Frequentemente tenho um tipo de conversa surreal com áreas de recursos humanos que demandam que a Carambola – negócio de impacto social que desenvolve soluções estratégicas para a inclusão de diversidade no mercado de trabalho por meio um modelo inovador, que gera retorno aos participantes e aos clientes –, indique, por exemplo, um profissional transexual excelente para uma vaga sênior. A vontade é dizer que encontrei uma mina abundante e já estou minerando para atender rapidamente ao pedido (ou fetiche corporativo). Em nenhum momento, passa pela cabeça desse gestor que a responsabilidade do desenvolvimento de uma equipe diversa é também da empresa.

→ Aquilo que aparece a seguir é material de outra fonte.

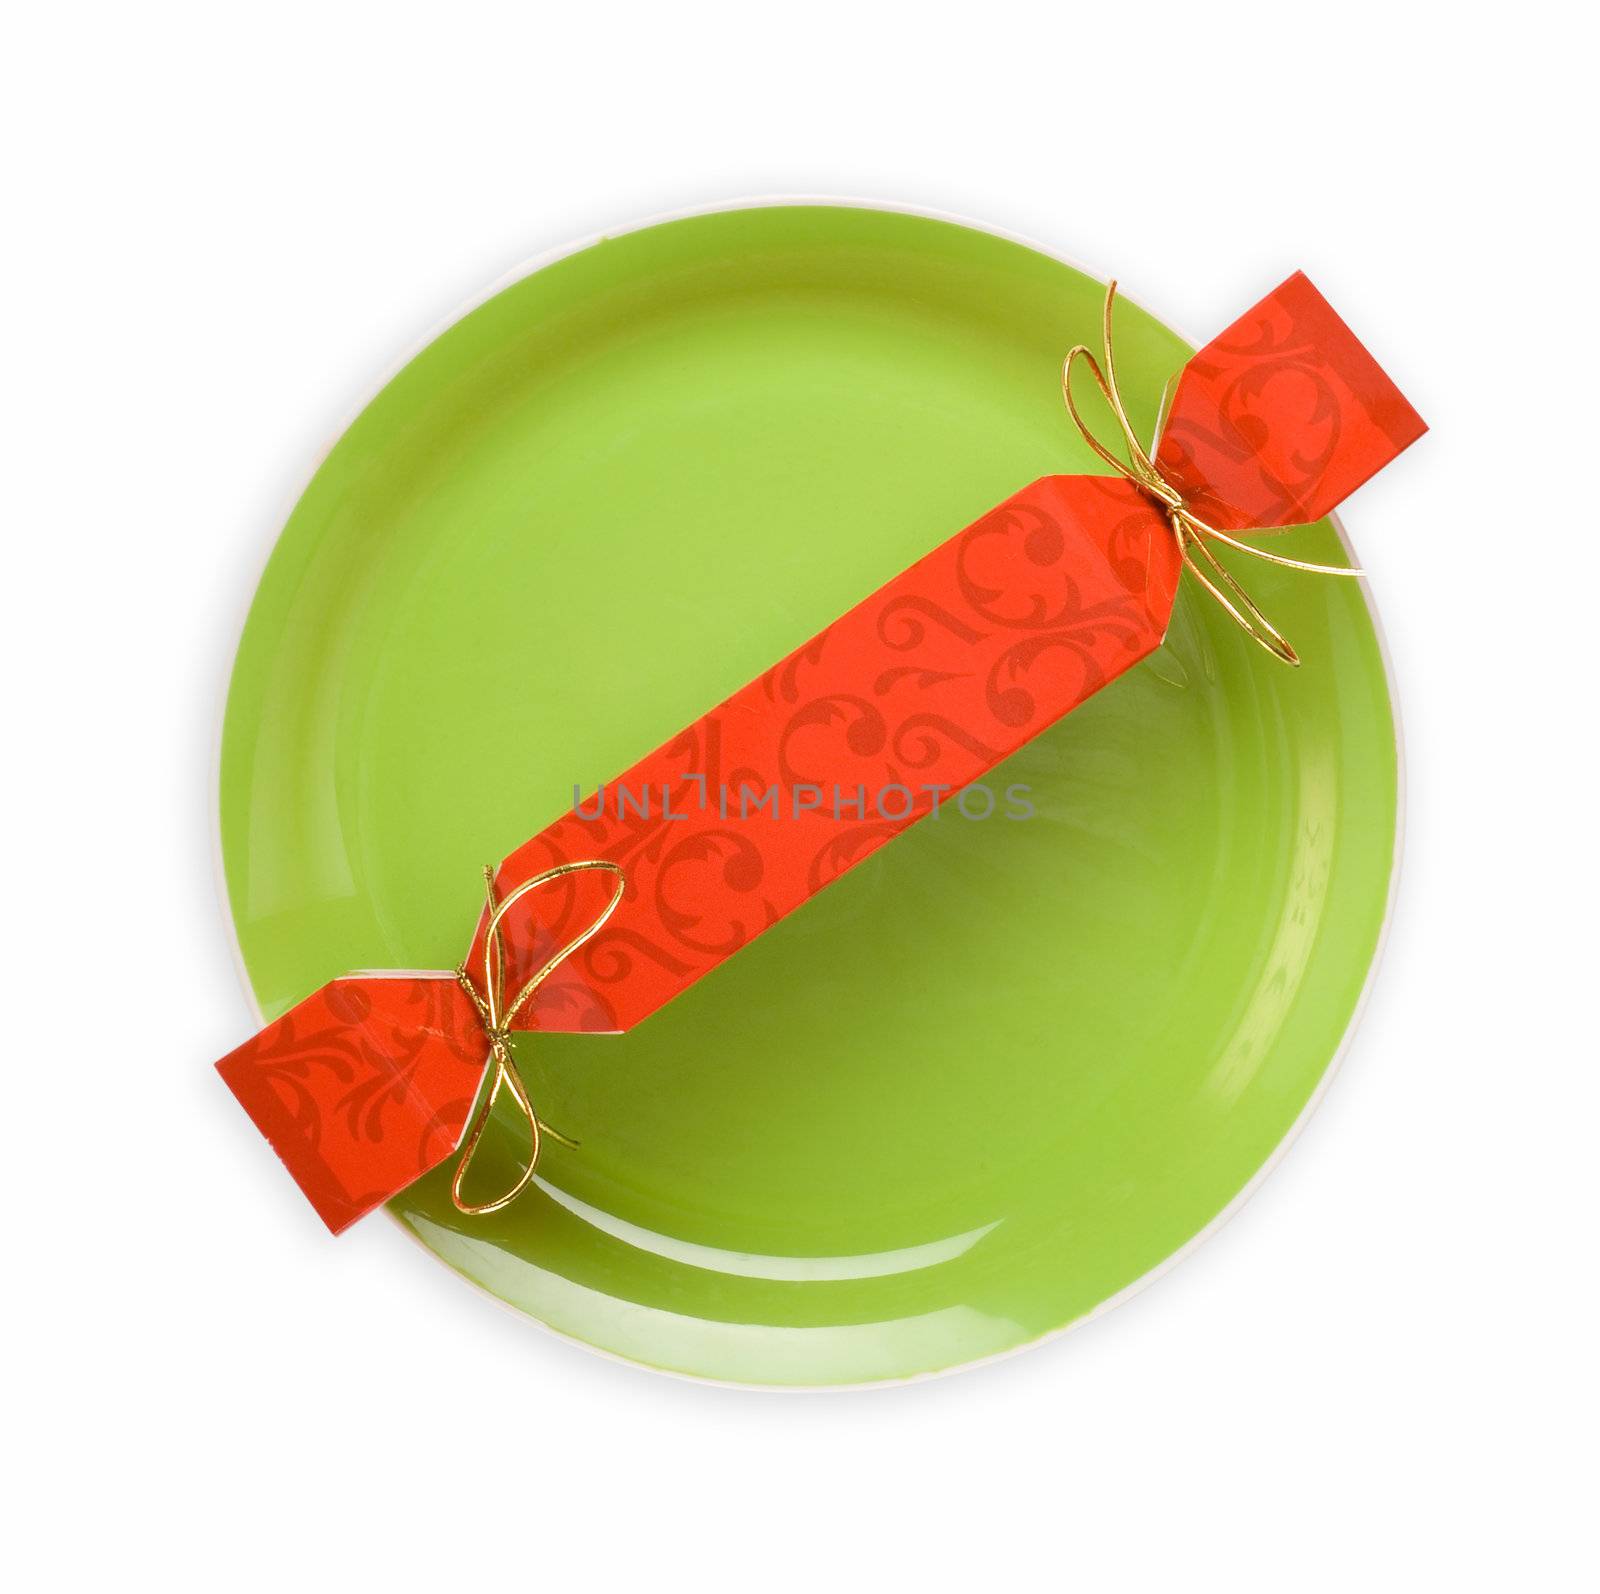 Christmas or party cracker on green dinner plate

Aliás, todas as companhias que precisam contratar profissionais de tecnologia, devem estar profundamente comprometidas com soluções integradas que envolvem o diagnóstico da diversidade; a identificação dos vieses inconscientes e plano estratégico para desbloqueá-los por meio do desenvolvimento de uma nova cultura corporativa; criação de programa de mentoria cruzada – que aproxima as pessoas com vivências sociais, pessoais e culturais diferentes –; produção de conteúdo transformador (que prepara e explica conceitos acerca da diversidade); e suporte para a contratação de profissionais que representem a diversidade demandada especificamente pela empresa. E mais ainda, com o preparo da equipe interna para que os vieses inconscientes não perpetuem discriminações sociais.
Explicando melhor sobre onde está o erro desta demanda pela contratação puramente dita. Muito se fala da baixa escolaridade do profissional transexual que, em algum momento da vida, abandonou a escola. A evasão escolar, nesse caso, usualmente é resultado de um cotidiano de agressões emocionais e físicas. Pois bem, treinamos esse profissional e ele vai trabalhar justamente com pessoas bastante similares às que causaram as dores e os traumas que o afastaram da escola. Isso tem lógica?! A consistência de programas que focam somente na formação de vulneráveis é praticamente nula, ou seja, essas iniciativas de inclusão não são reais. Ou seja, a simples formação não é o caminho para a inclusão. Por isso, as soluções desenvolvidas pela Carambola são mais complexas, completas e eficientes; e sempre baseadas em um diagnóstico que gera evidências para a criação de um arsenal de respostas aos desafios específicos de cada empresa.
Defendo, entre outras ferramentas que propomos na Carambola, a criação de programas que capacitem esses profissionais-padrão de tecnologia (heterossexuais, cisgêneros e de classe alta) para que entendam que o mundo é muito maior do que o próprio umbigo. Devemos educar os educados! Essas pessoas têm que reconhecer que as políticas corporativas que nos trouxeram até aqui deram muito errado. Esse tipo de reflexão será eficiente e fará a cultura da empresa se transformar. E é nesse sentido que as soluções desenhadas pela Carambola opera.
Por último, gostaria de salientar que, para a Carambola, é inegociável a visão de que precisamos – como sociedade – acabar com a desigualdade social. Esse cenário não é mais sustentável no país em que vivemos. E como podemos fazer isso? Distribuindo renda para os mais vulneráveis e chamando as grandes empresas à responsabilidade da inclusão produtiva via empregabilidade e educação. E, nessa jornada que levará à evolução do nosso país, podem contar conosco!